1 theoretical basis before actual combat
1.1 what is spring batch
Spring Batch is a lightweight and comprehensive batch processing framework designed to support the development of powerful batch processing applications that are crucial to the daily operation of enterprise systems. At the same time, developers can easily access and utilize more advanced enterprise services when necessary. Spring Batch is not a scheduling framework. It is designed to work with the scheduler, not replace it.
1.2 what can spring batch do
- Automated and complex mass information processing, which can be processed most effectively without user interaction. These operations typically include time-based events (such as month end calculations, notifications, or communications).
- Complex business rules (e.g., insurance benefit determination or rate adjustment) that are applied periodically and repeatedly on very large data sets.
- Integrate the information received from internal and external systems into the recording system, which usually needs to be formatted, verified and processed in a transactional manner.
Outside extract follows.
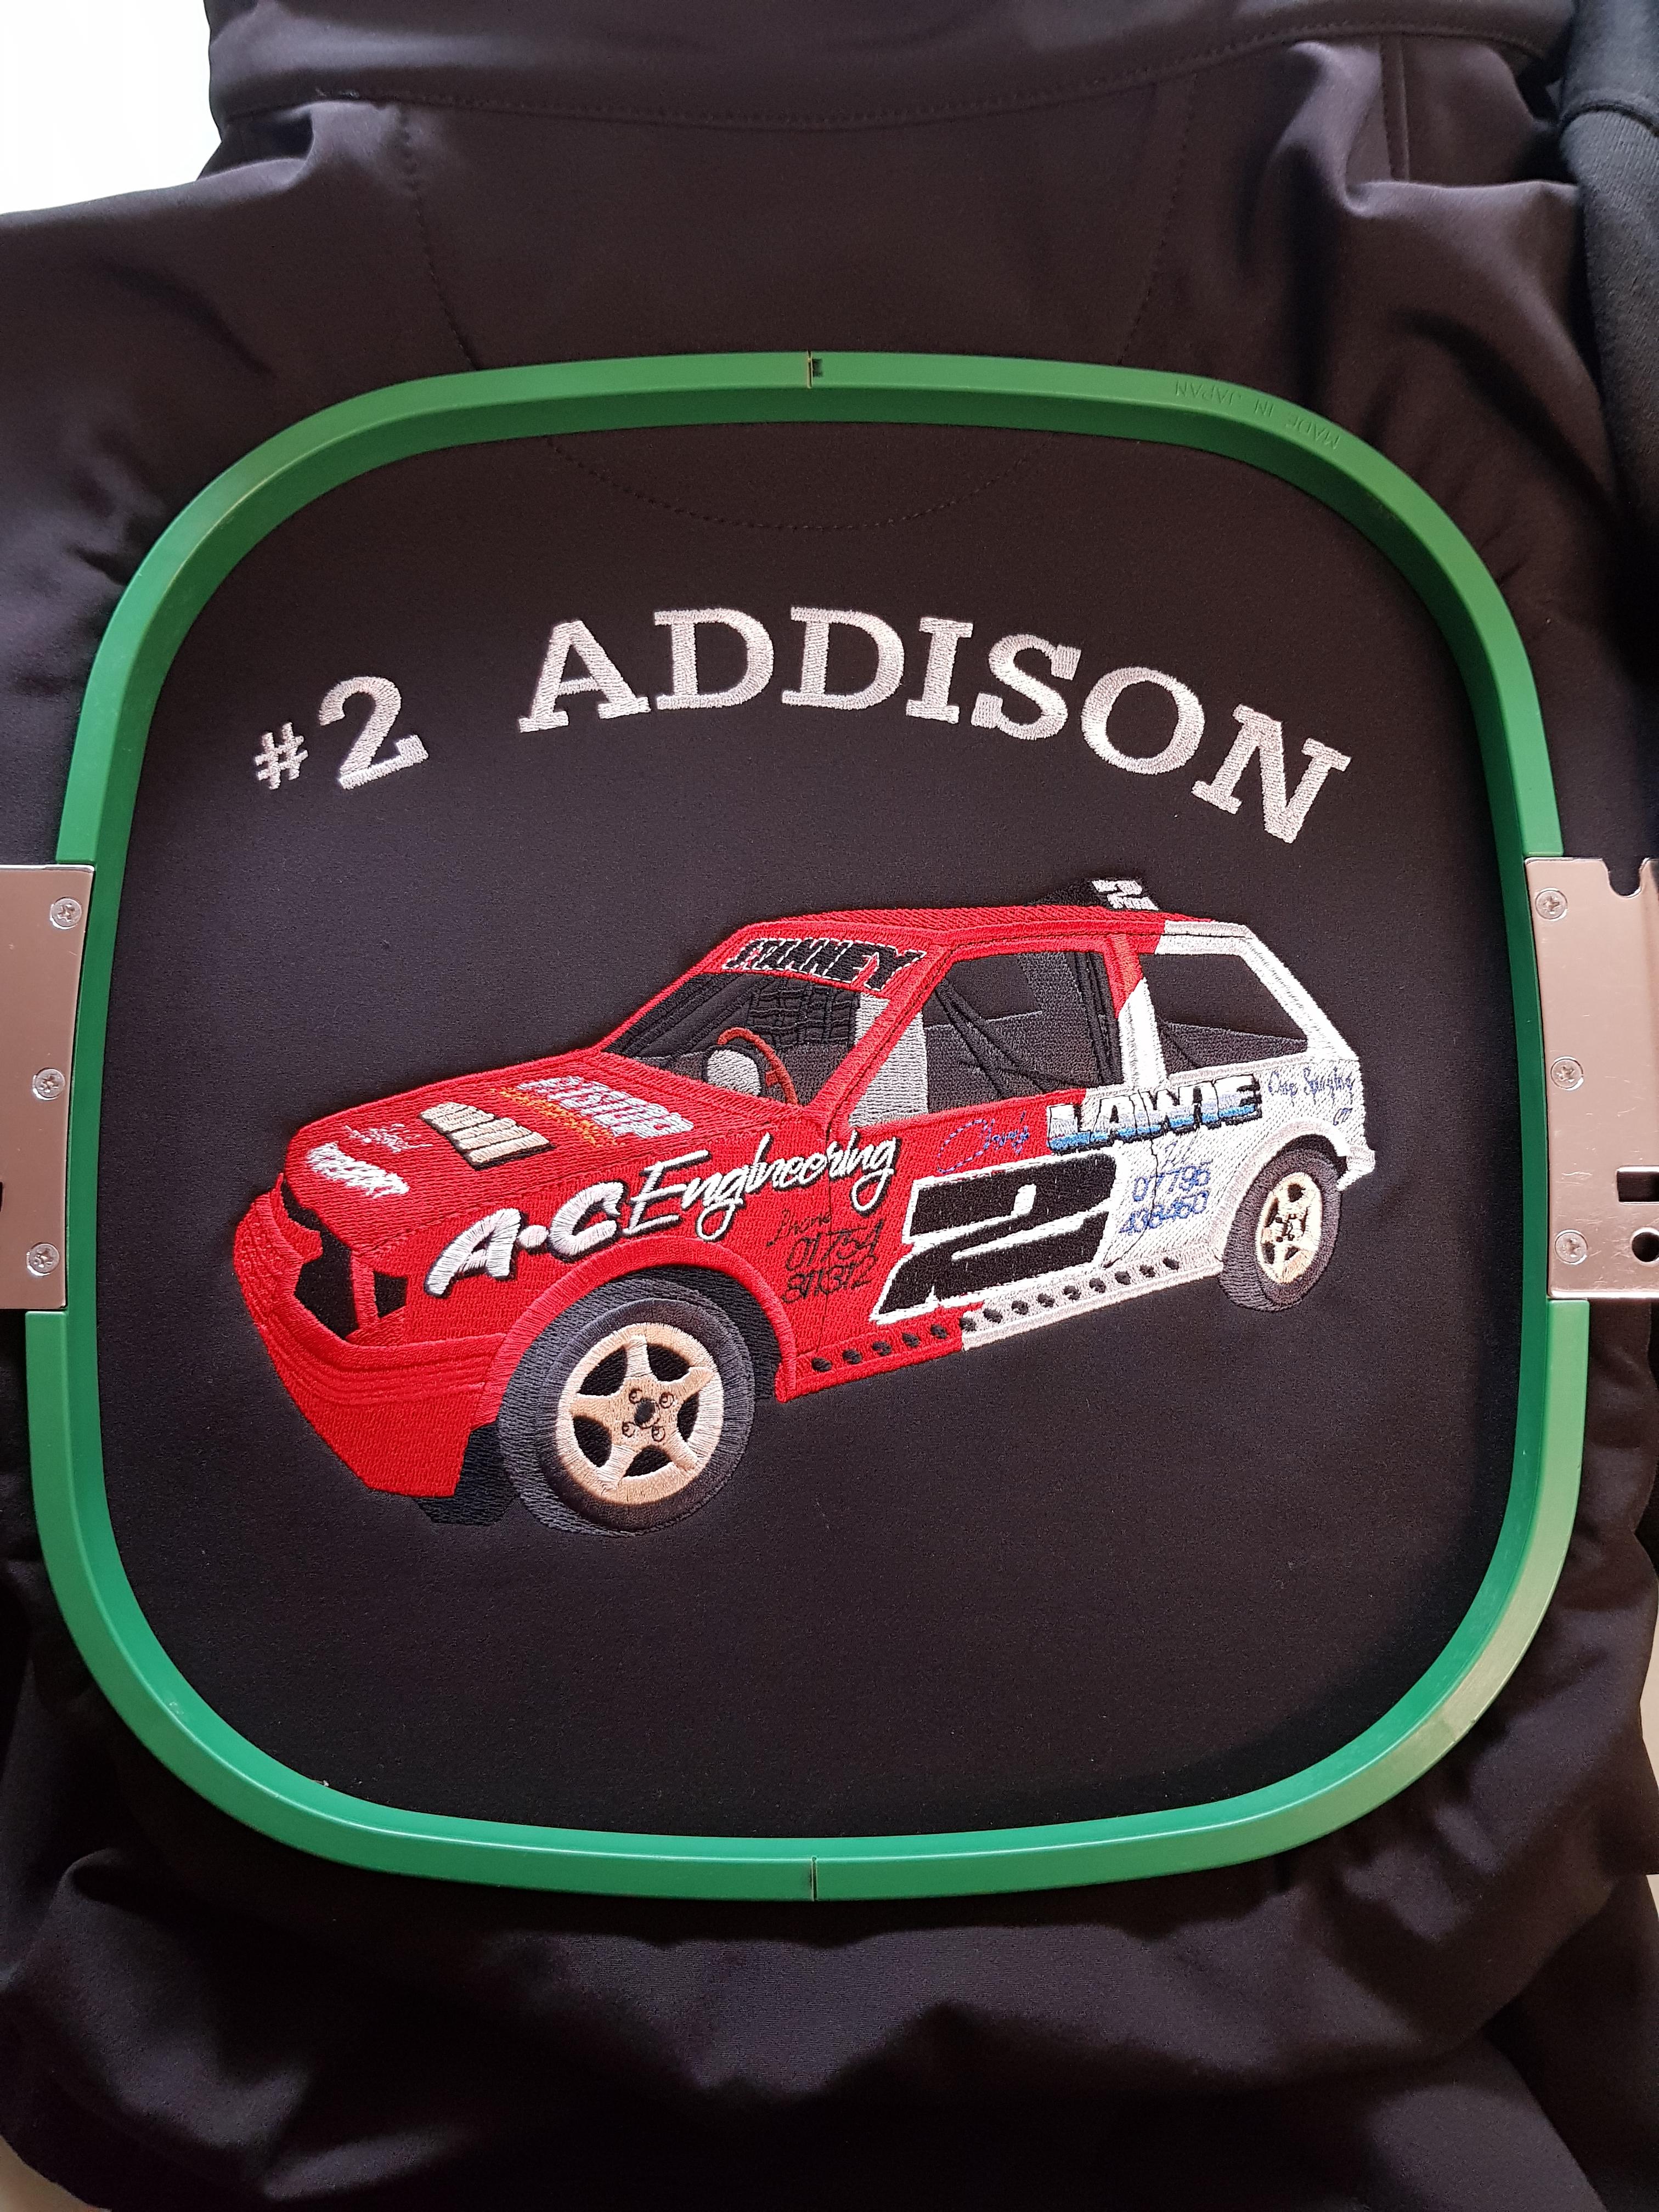 Addison racing car

Batch processing is used to process billions of transactions for enterprises every day.
Business scenario:
- Submit batch periodically
- Concurrent batch: parallel processing of jobs
- Phased, enterprise message driven processing
- Massively parallel batch processing
- Manual or scheduled restart after failure
- Sequential processing of dependent steps (extended to workflow driven batch processing)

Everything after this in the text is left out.